O pH do fluído ruminal coletado no final do 3o. e 4o. períodos foi superior do que aquele coletado no final do 2o. período (Tabela 5). Não foram observadas diferenças entre as forragens fornecidas para o 2o. ou 3o. períodos. Entretanto, ao final do 4o. período o pH ruminal dos animais consumindo feno de timóteo foi menor do que o observado para animais consumindo feno de alfafa.
O meio ruminal se desenvolveu rapidamente rápido, uma vez que as bezerras receberam dieta sólida a partir dos 10 dias de idade. O fornecimento ainda mais cedo, a partir dos 3 dias de idade, de concentrado inicial de boa qualidade, tem sido recomendado como prática que estimula o desenvolvimento do rúmen permitindo o desaleitamento precoce sem prejuízos ao desempenho de bezerros.
Neste estudo é provável que o processo de desenvolvimento do meio ruminal ocorreu próximo do tempo da primeira amostra do rúmen que foi retirada na oitava semana de idade uma vez que alimento sólido foi fornecido a partir de10 dias de idade.

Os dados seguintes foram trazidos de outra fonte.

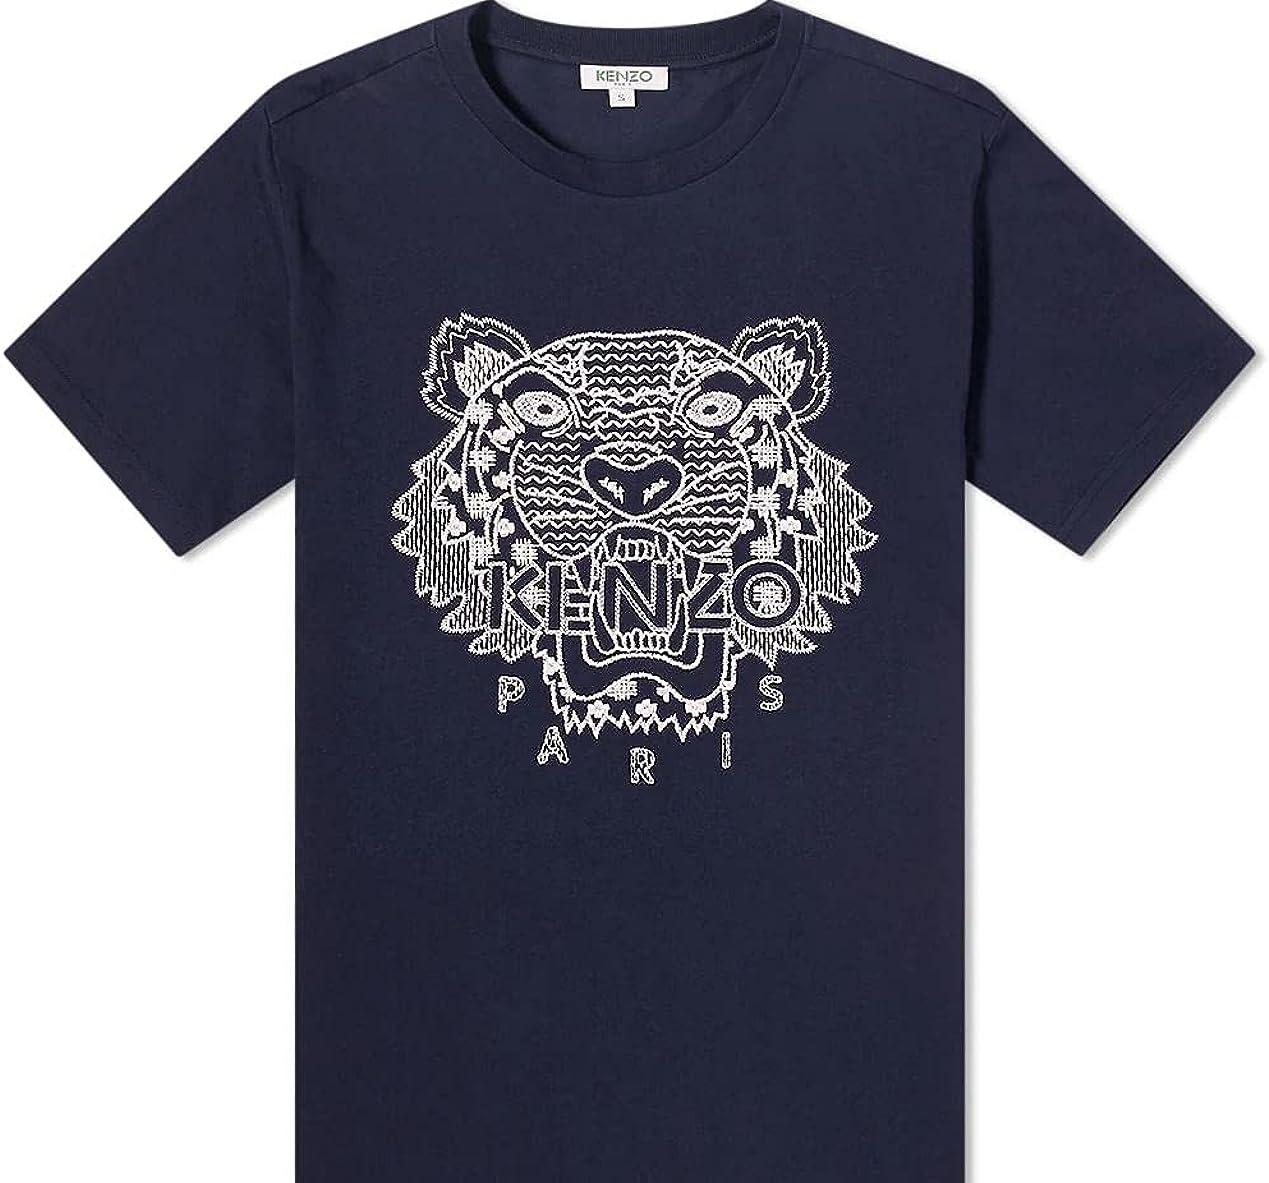 Kenzo Men's Embroidered Tiger Shibori Navy Blue Short Sleeve T-Shirt XXL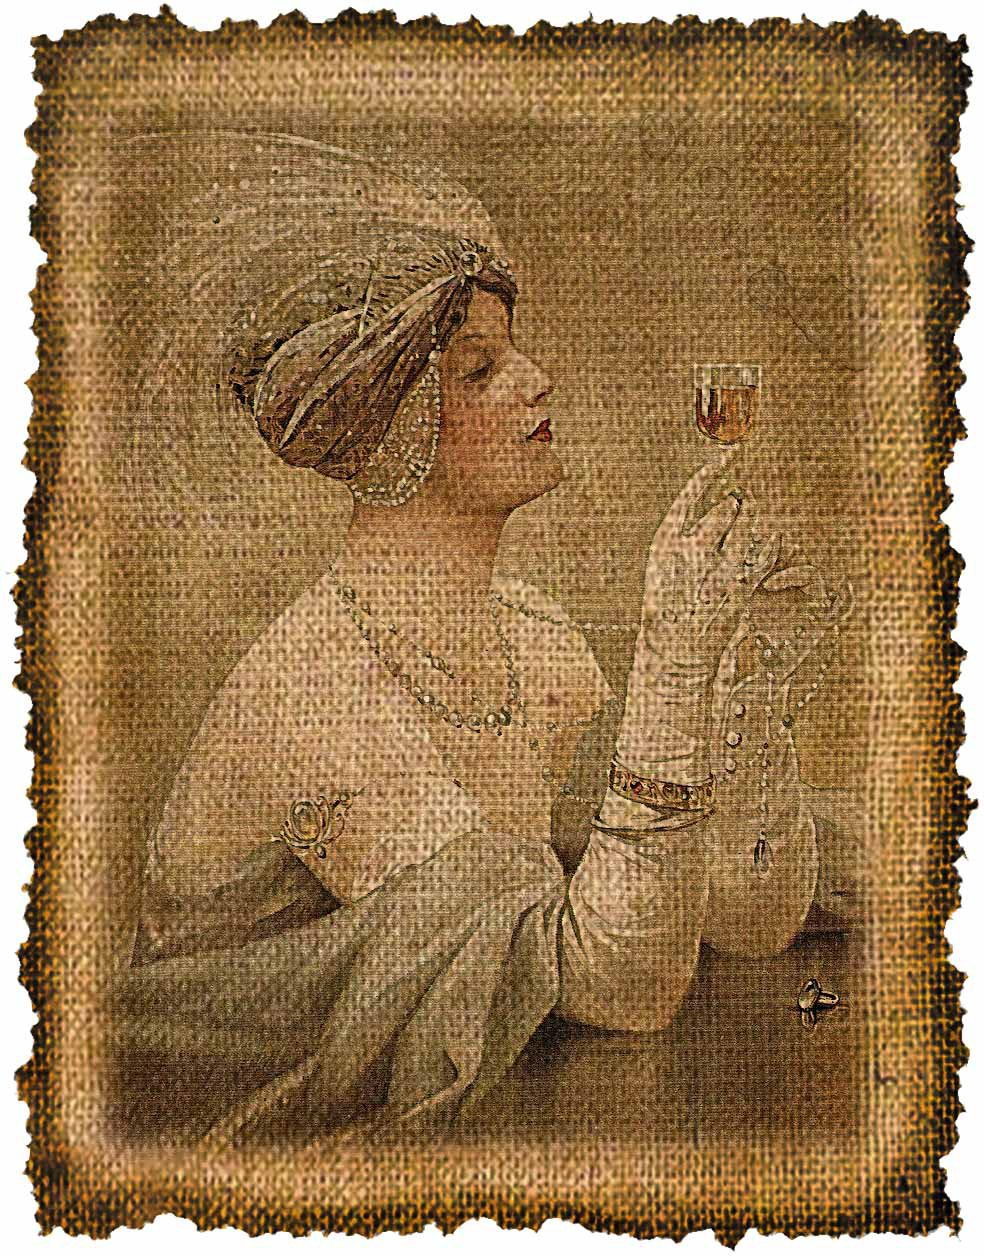 Vintage , Altered, Printable, Iron On, Ephemera, Digital Image No. 450

Os dados mostram que houve um aumento do pH do fluído ruminal ao mesmo tempo em que o consumo de forragem relativo ao consumo de concentrado aumentou. Lalles e Poncet (1988) mostraram que no desaleitamento, o pH do fluído ruminal foi de aproximadamente 6,0 e permaneceu nesse nível nas próximas 10 semanas, quando as bezerras receberam somente uma dieta com proporções constantes de concentrado e forragem.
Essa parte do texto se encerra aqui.